Hi, I was just wondering about the explanation given in this lab. Specifically, when you plot the final multiclass decision boundaries, it looks like this:
This looks like a ‘star’ shape with rays coming out at different angles from a central point. It’s not two straight lines because the lines ‘bend’ at the intersection point.
However, in the explanation, each unit is shown to divide the points linearly:
What I’m confused about is that, the two first-layer units don’t seem to partition the groups that well, e.g. there are some points lying on or very close to the boundary. But somehow the decision boundaries in the output layer partition very well. And secondly, the output decision boundary is not the superposition of the two hidden layer linear decision boundaries. But maybe that’s because of the softmax.
My best guess for what’s going on is that the hidden layer doesn’t actually need to partition classes, but the two neurons need to learn ‘good enough’ partitionings of the input data (which are different from each other), such that the output layer can then learn a linear combination of the two independent hidden-layer partition values that works well for the overall classification. Is that right?
In the explanation graphs (below), the ‘sample’ layer decision boundaries are depicted as (more) perfectly partitioning the input data, but if I have understood correctly, it doesn’t really matter how good this partitioning is. Or is a good partitioning necessary for the output layer to work?
Sorry if this question is confusing, it just feels like something is inconsistent in my understanding of the graphs and I’m trying to figure out what it is
The lines are not straight and continuous because they’re segmented, to reduce the number of points that need to be computed that are on the decision boundary.
They look weird at the middle intersection because of quantization in how they’re drawn.
I do not clearly understand the remainder of your question.
I’m not talking about the squiggliness/jagged shape of the lines in the charts, I’m talking about whether they are theoretically meant to be straight or not.
For some more concrete questions:
Clearly the hidden layer neurons have linear decision boundaries. Does the output layer have piecewise linear decision boundaries? They look ‘almost linear’ in the first chart.
Is it true that the output layer can learn to classify accurately even if the hidden layers themselves don’t perfectly partition the input data (e.g. as either {class0, class1} or {class2, class3})? This is suggested by the fact that the later charts of hidden layer neurons have some points from the same class lying on both sides of the decision boundary in certain cases.

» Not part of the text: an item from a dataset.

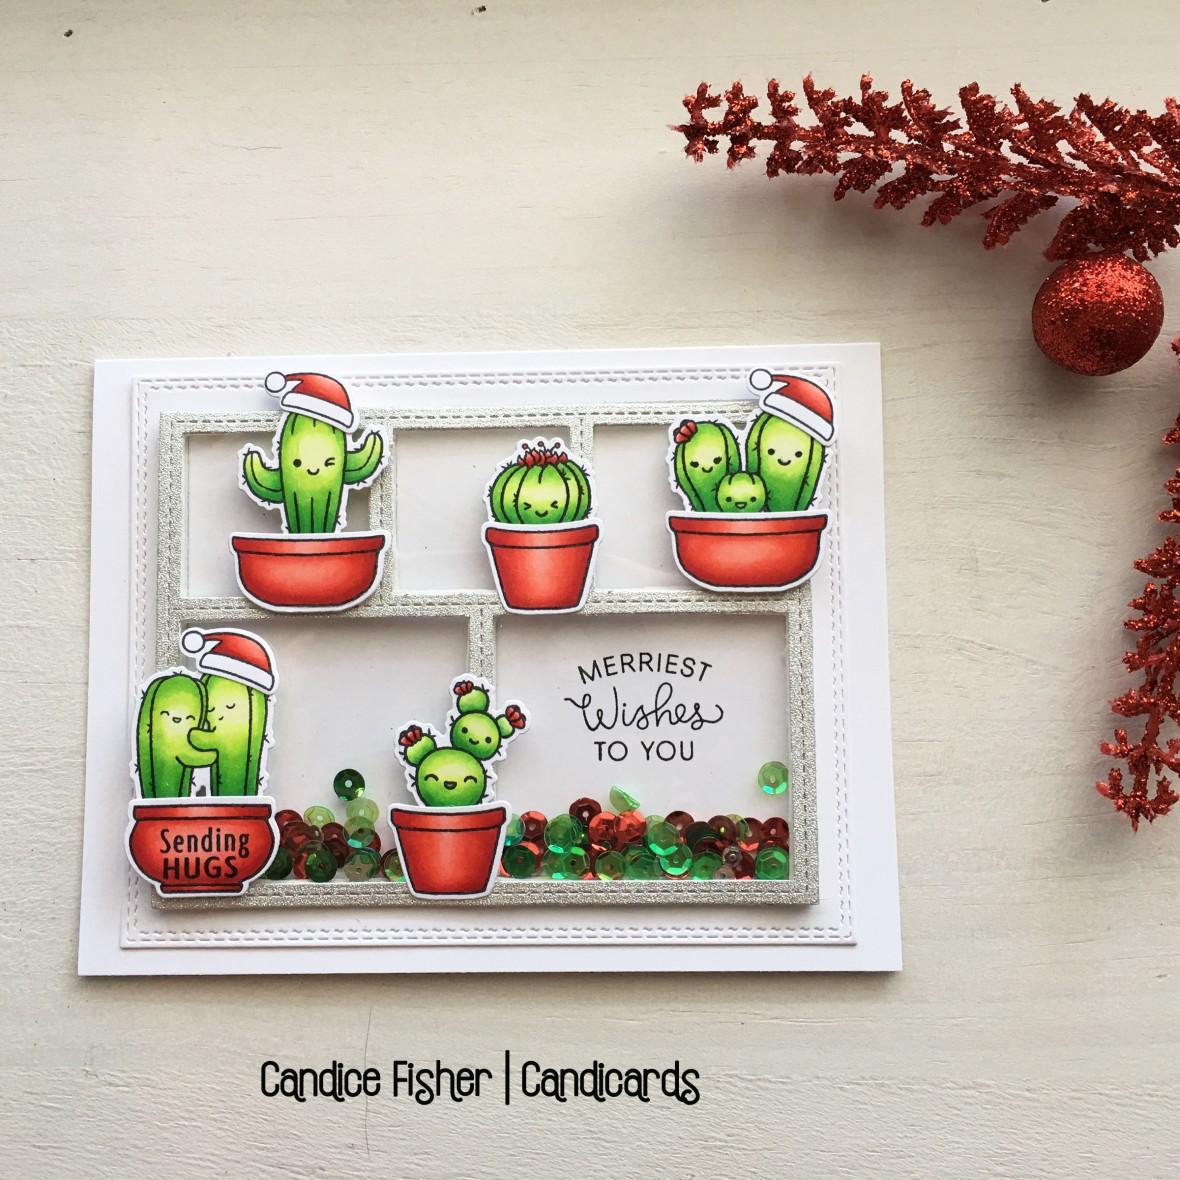 sugar peas challenge #50

Yes - you pointed the cause out - that the first chart is linear because it plots the neuron outputs in the first layer, but the second chart is not linear because it plots the neuron outputs in the output layer. Different layers, different behaviors. The first layer is linear because there is no additional non-linear activation function between it and the input features. The second layer has additional non-linear activation.
There is no law that dictates quantitatively how good earlier layer had to learn for the output layer to learn well. However, apparently, the better the earlier layers are able to distinguish, the easier it is for the later layers. Put it this way, you can construct a model of 3 layers instead, leaving the first hidden layer untrainable, and then only train the other layers. You will end up with a model where the first hidden layer learnt nothing (because it had been forced to be untrainable). There is a chance that the model is still able to perform reasonably well (but I am not guaranteeing you that it must perform as well or better).
For actually how good such model can perform, I will leave it to you to try it out yourself. You might first attempt a model of 2 layers which are all trainable, then move on to a model of 3 layers with the first one being not trainable, and then move on to 6 layers with the first four untrainable, and then maybe 20 layers with the first 18 untrainable, and see the effect of bad early layers on the overall model performance.
Another experiment that you might do is to have a model of 3 layers. Let’s say you think training it for 100 epochs is just right for it to perform well, then you might do these:
set n = 90
construct a new model of 3 layers, and train the full model for n epochs, then set the first layer to be untrainable, and train the partial model for 100 - n epochs
record the model’s performance
set n = 80 and repeat step 2 and 3.
You might iterate this process for n = 100, 90, 80, ..., 0 to find out how performance changes against the maturity of the first layer.